**TASK INSTRUCTIONS**
Leaving out the pictures, retype exactly the lines from the one holding "Clean energy transition: a" through the end of the material.

**DATA EXTRACT**
··········
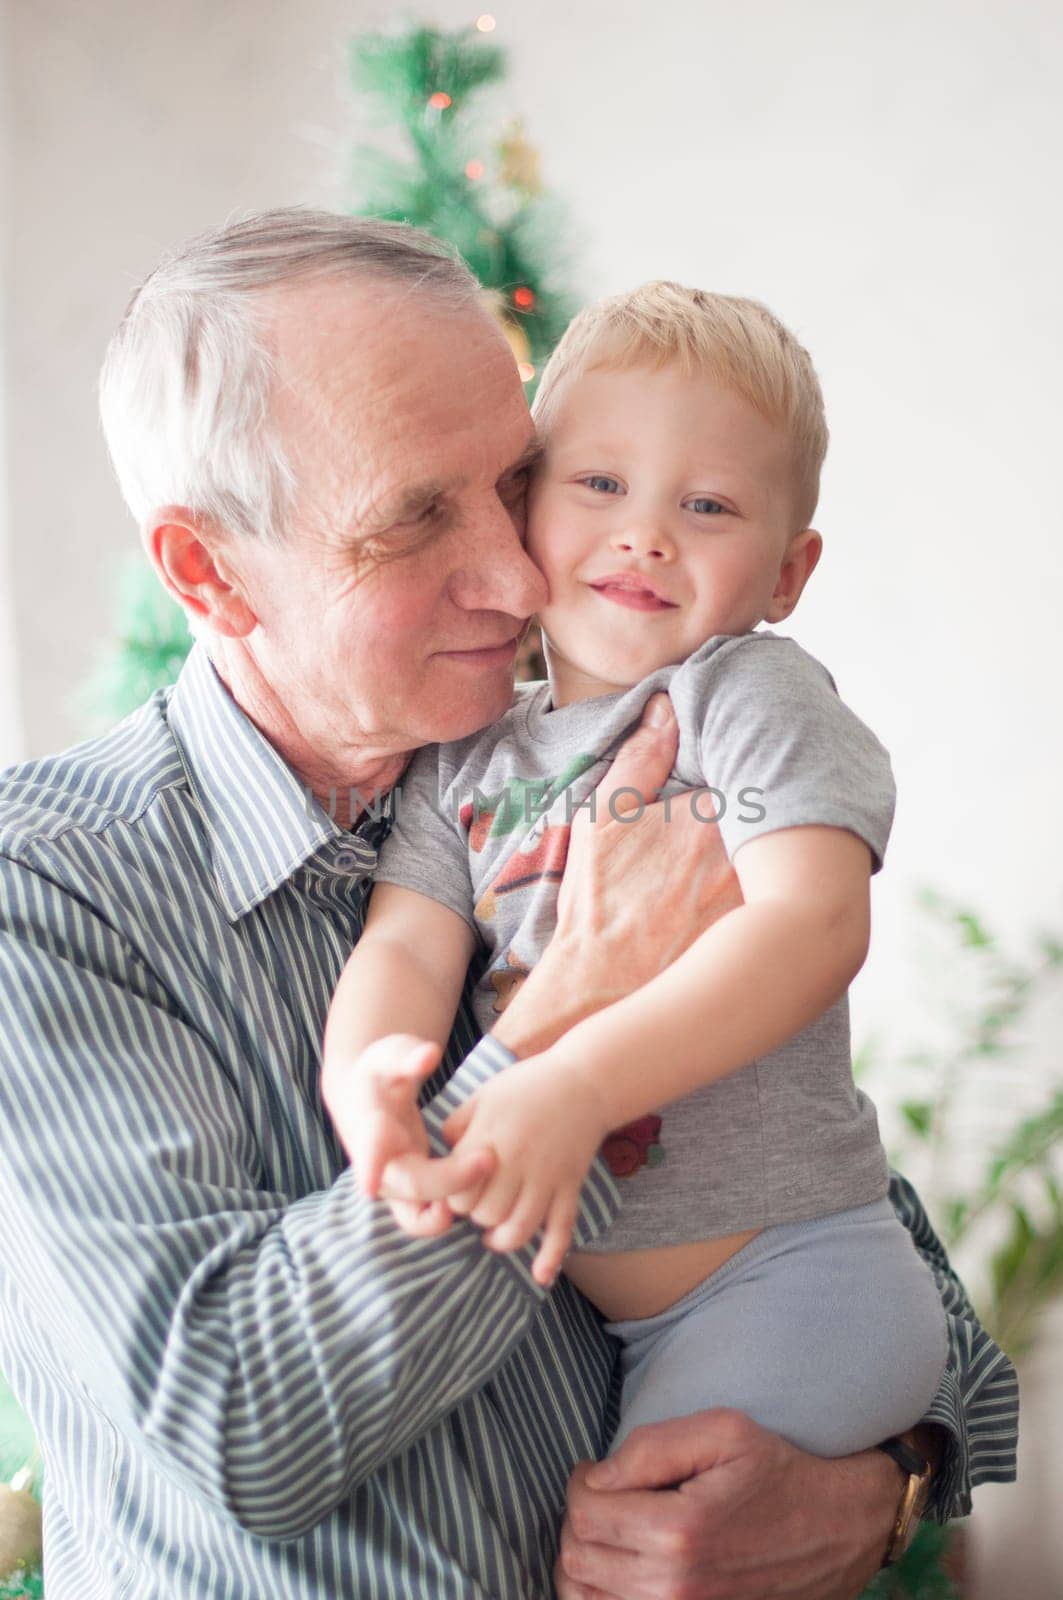 sentimental old man holding a small child in his arms at Christmas in front of a decorated Christmas tree by KaterinaDalemans
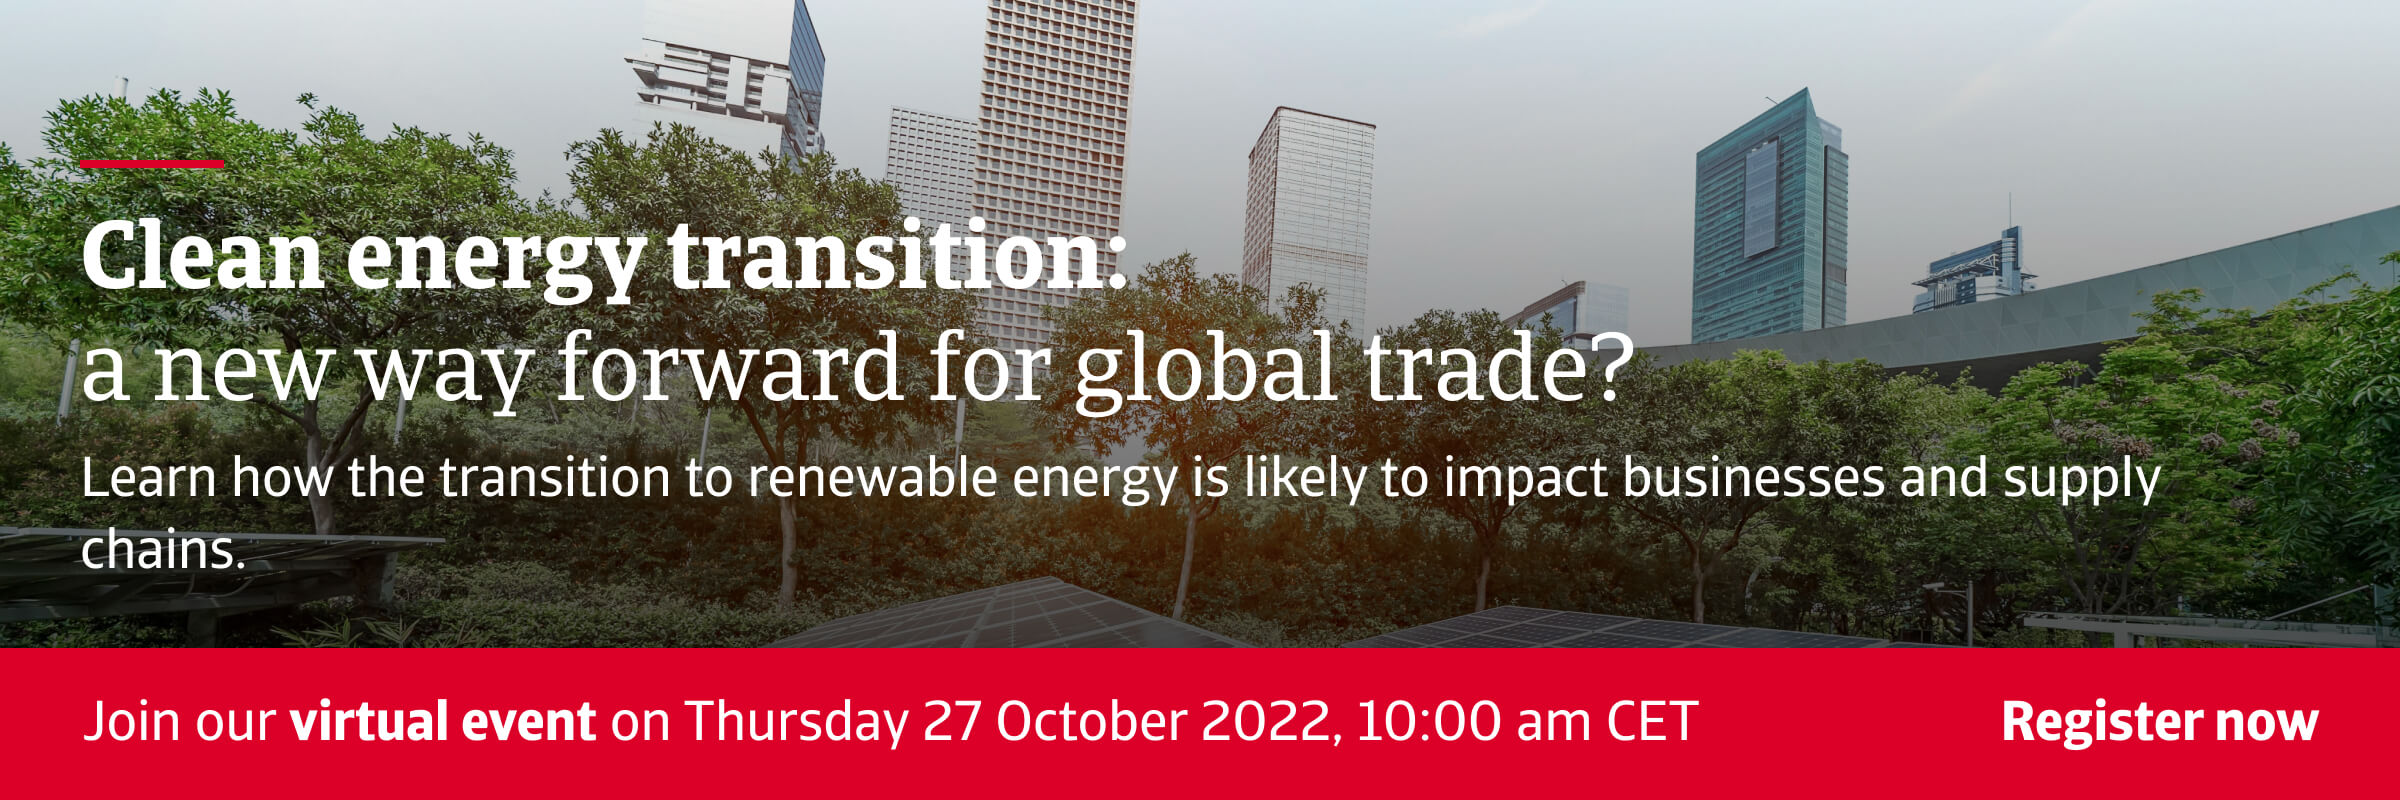 Clean energy transition: a new way forward for global trade? - Webinar
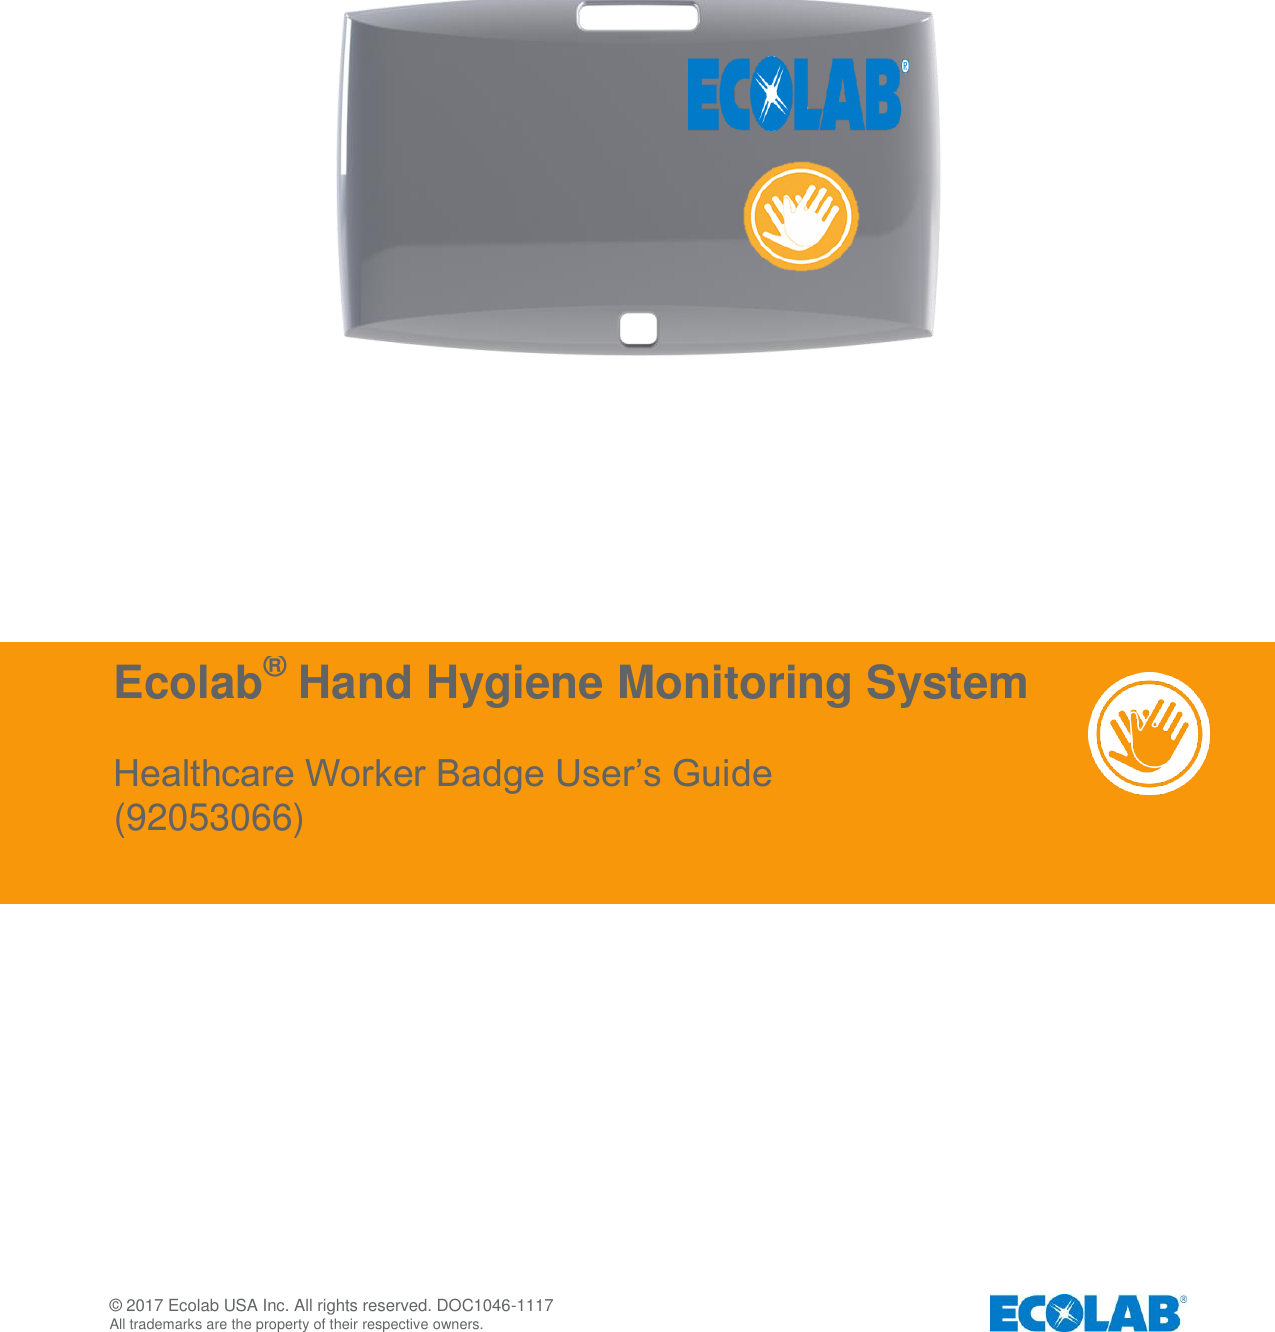   © 2017 Ecolab USA Inc. All rights reserved. DOC1046-1117    All trademarks are the property of their respective owners.                                               Ecolab® Hand Hygiene Monitoring System  Healthcare Worker Badge User’s Guide (92053066)
··········
**SOLVED EXERCISE**
 Clean energy transition: a new way forward for global trade? - Webinar
   © 2017 Ecolab USA Inc. All rights reserved. DOC1046-1117    All trademarks are the property of their respective owners.                                               Ecolab® Hand Hygiene Monitoring System  Healthcare Worker Badge User’s Guide (92053066)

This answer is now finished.